Is $A^n \rightarrow \mathbb 0$ equivalent to "magnitude of each Eigenvalue of $A$ is $<1$"? Exercise 4 after $\S$ 91 from Paul R. Halmos's Finite-Dimensional Vector Spaces (second edition) invites to prove or disprove the following assertion.

If $A$ is a linear transformation (operator) on a finite-dimensional unitary space, then a necessary and sufficient condition that $A^n \rightarrow \mathbb 0$ is that all the proper values (Eigenvalues) of $A$ be (strictly) less than $1$ in absolute value.

For reference, $\S 91$ of the book identifies the symbolic expression $\Vert A_n - A \Vert \rightarrow \mathbb 0$ with the verbal assertion that "a sequence $(A_n)$ of linear transformations converges to a fixed linear transformation $A$". Also, $\S 88$ of the book defines the norm $\Vert \cdot \Vert$ of a linear transformation by writing $\Vert A \Vert = \sup\limits_{x \in \mathcal V}\big\{\Vert Ax \Vert : \Vert x \Vert = 1\big\}$ where $A$ is defined on an inner product space $\mathcal V$.

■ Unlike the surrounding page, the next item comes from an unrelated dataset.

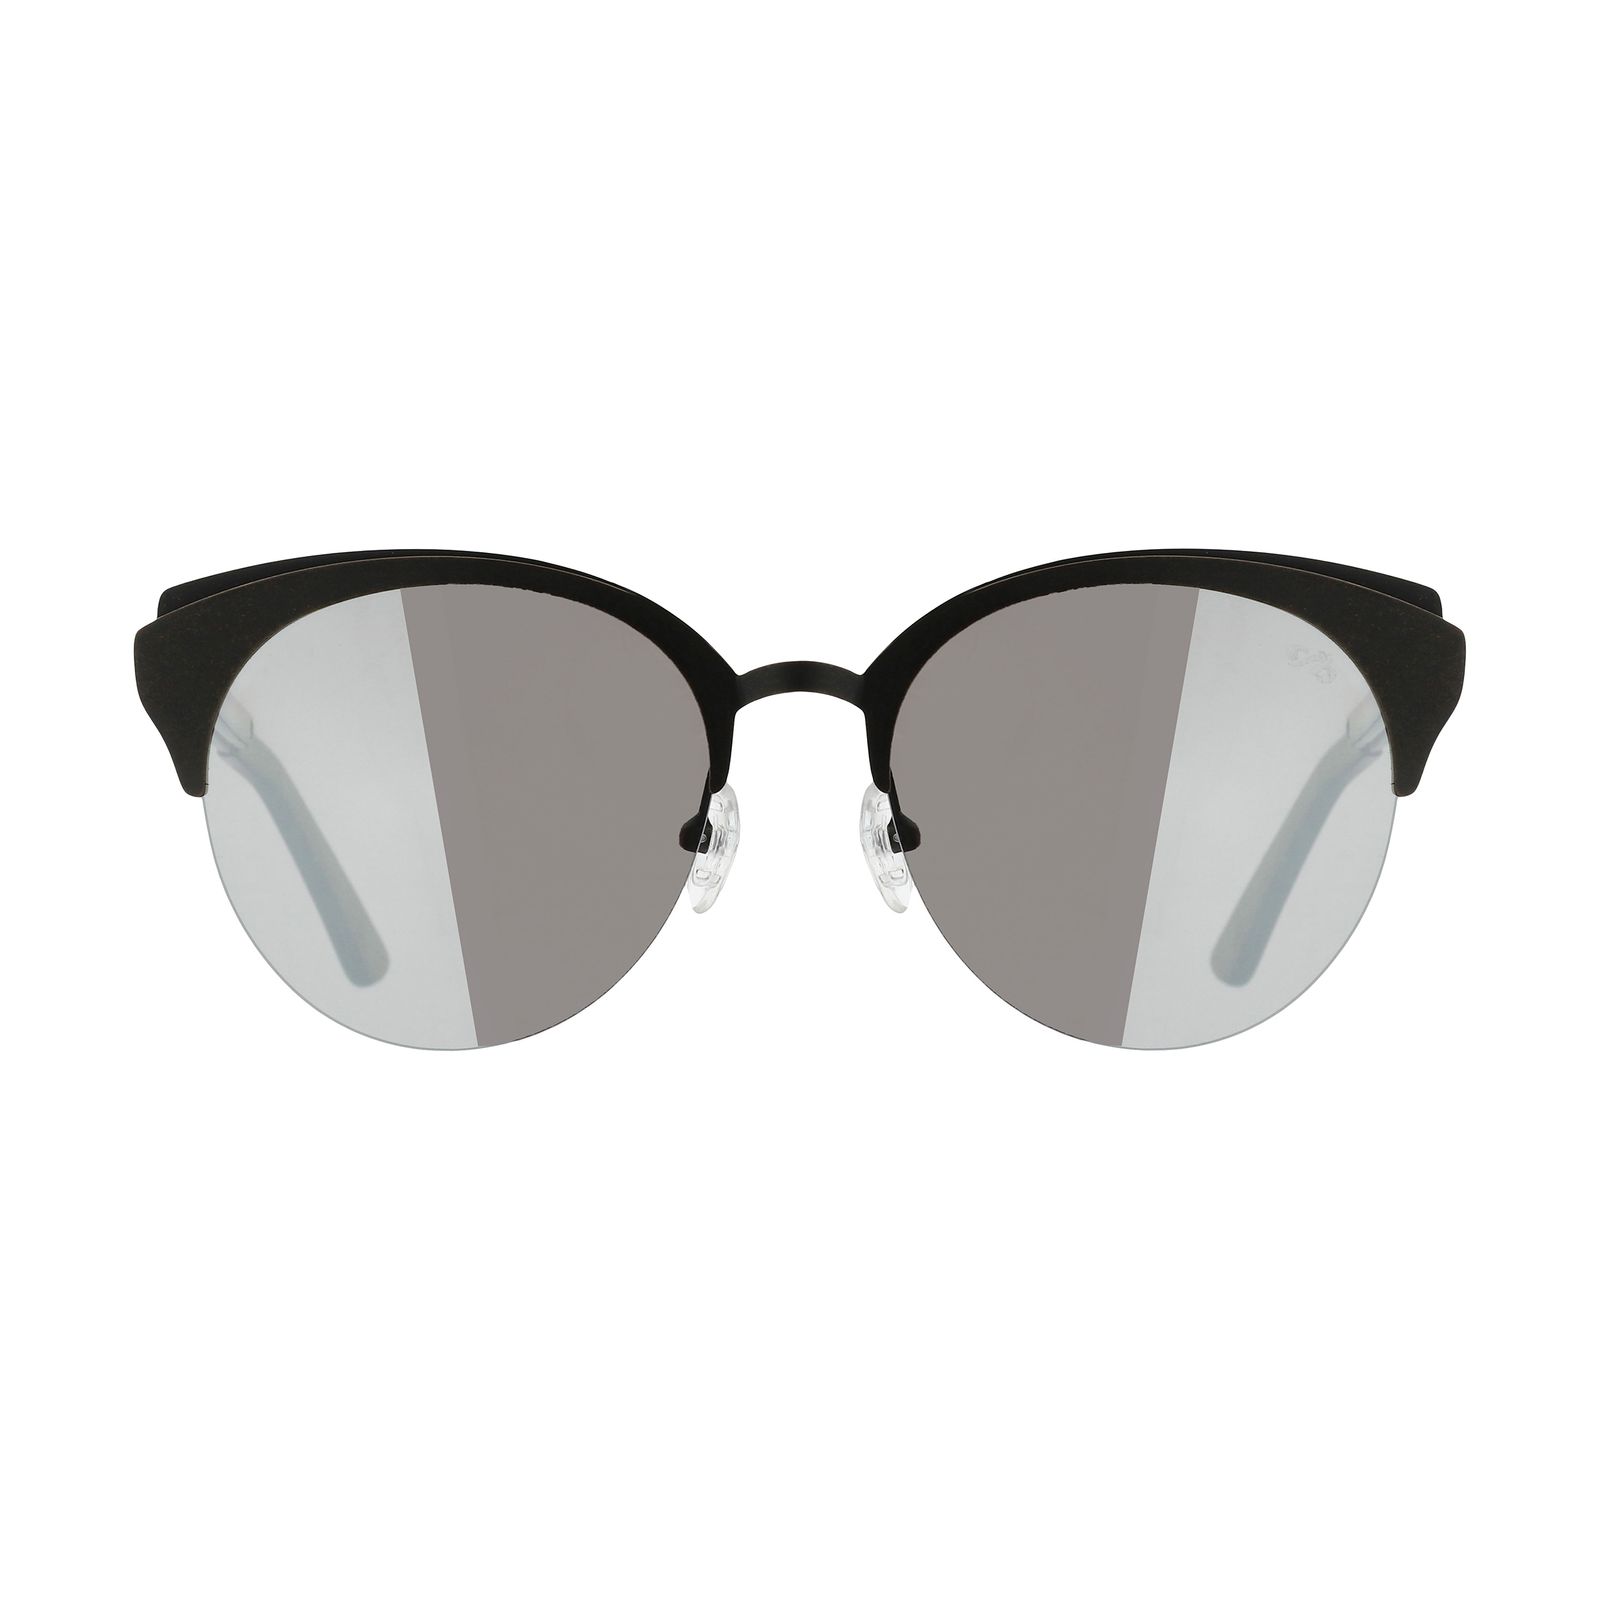 عینک آفتابی زنانه چیلی بینز مدل 2555 dbr -  - 1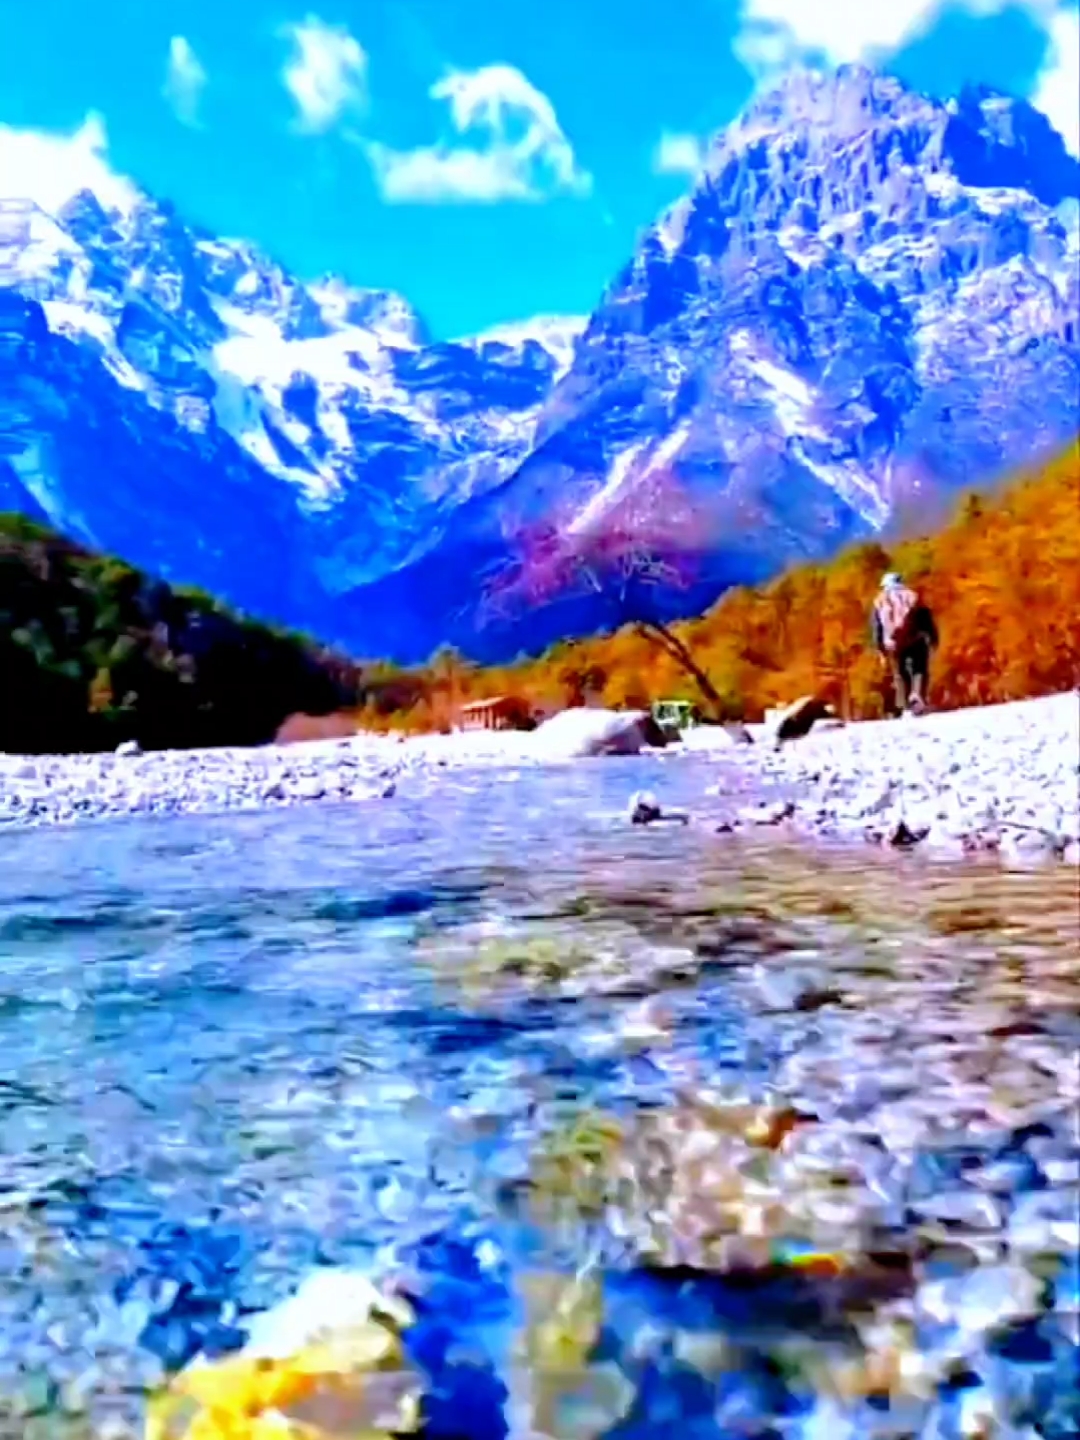 玉龙雪山的雪山与蓝月谷的绿水相拥，演绎着大自然的激情与浪漫

I am able to prove the necessity (hopefully correctly), but stalled with the sufficiency and would appreciate help.
Proof for the necessity: Let $\mathcal V$ be the unitary space in question, let $m$ be the dimension of $\mathcal V$, and let $\lambda_1, \cdots, \lambda_m$ be the Eigenvalues (not necessarily distinct) of $A$. It is clear that from a consideration of the triangular form of $A$ w.r.t. a suitable basis in $\mathcal V$ that $\lambda_1^n, \cdots, \lambda_m^n$ are the Eigenvalues (not necessarily distinct) of $A^n$. If $A^n \rightarrow \mathbb 0$ (operator), then we have $\left\Vert A^n \right\Vert \rightarrow 0$ (scalar). Because the magnitude of an Eigenvalue of a linear transformation $B$ is less than or equal to the norm of $B$, we see that $\left\vert \lambda_i^n \right\vert \leq \left\Vert A^n \right\Vert$ for $i = 1, \cdots, m$. It follows that $\left\vert \lambda_i^n \right\vert \rightarrow 0$ which leads to that $\left\vert \lambda_i \right\vert \leq 1$.
Unsuccessful attempt for the sufficiency: In addition to the hypothesis of the above proof, let $\left\vert \lambda_i \right\vert \leq 1$ for $i = 1, \cdots, m$. A consideration of the triangular form of $A$ w.r.t. a suitable basis in $\mathcal V$ reveals that $A^n \rightarrow N$ where each Eigenvalue of $N$ is zero. It is clear that $N$ is nilpotent.
 A: EDIT: It has been pointed out to me that you are interested in complex operators over complex inner product spaces (I missed the adjective unitary), where we consider the full complex spectrum. In this case you can use Schur decomposition as done in this answer to get your sufficient condition.
I shall keep my counterexample for real spaces and spectrums though, as I think it is informative as to why we need to look at the full complex spectrum. Without further restrictions on $A$ this condition is not sufficient for real vector spaces where we only care about real eigenvalues. Set
$$A=\begin{pmatrix}\cos \theta&-\sin\theta & 0 \\ \sin\theta & \cos\theta & 0\\ 0 & 0 & 1/2\end{pmatrix},$$
where $\theta$ is some small irrational angle. All this transformation does is rotate vectors around the $z$ axis by $\theta$ and shrink their $z$ component by $1/2$. This means that the only real eigenvalue of $A$ is $\lambda=1/2<1$, with corresponding normalised eigenvector $v=\begin{pmatrix}0 & 0 & 1\end{pmatrix}^T$. However, for any $n\in \mathbb N$ we have
$$A^n=\begin{pmatrix}\cos n\theta&-\sin n\theta & 0 \\ \sin n\theta & \cos n\theta & 0\\ 0 & 0 & 1/2^n\end{pmatrix},$$
which means that $\|A^n\|\geq 1$  for all $n$, because for any nonzero vector $u=(x,y,0)^T$ we have that $\|A^nu\|=\|u\|.$ Thus $A^n$ does not converge to $0$, even though $A$'s only real eigenvalue lives strictly in the unit circle.
This isn't a counterexample to the general statement if we consider all complex eigenvalues of $A$, because $e^{\pm i\theta}$ are complex eigenvalues of $A$ living on the boundary of the unit circle, and hence there is no contradiction.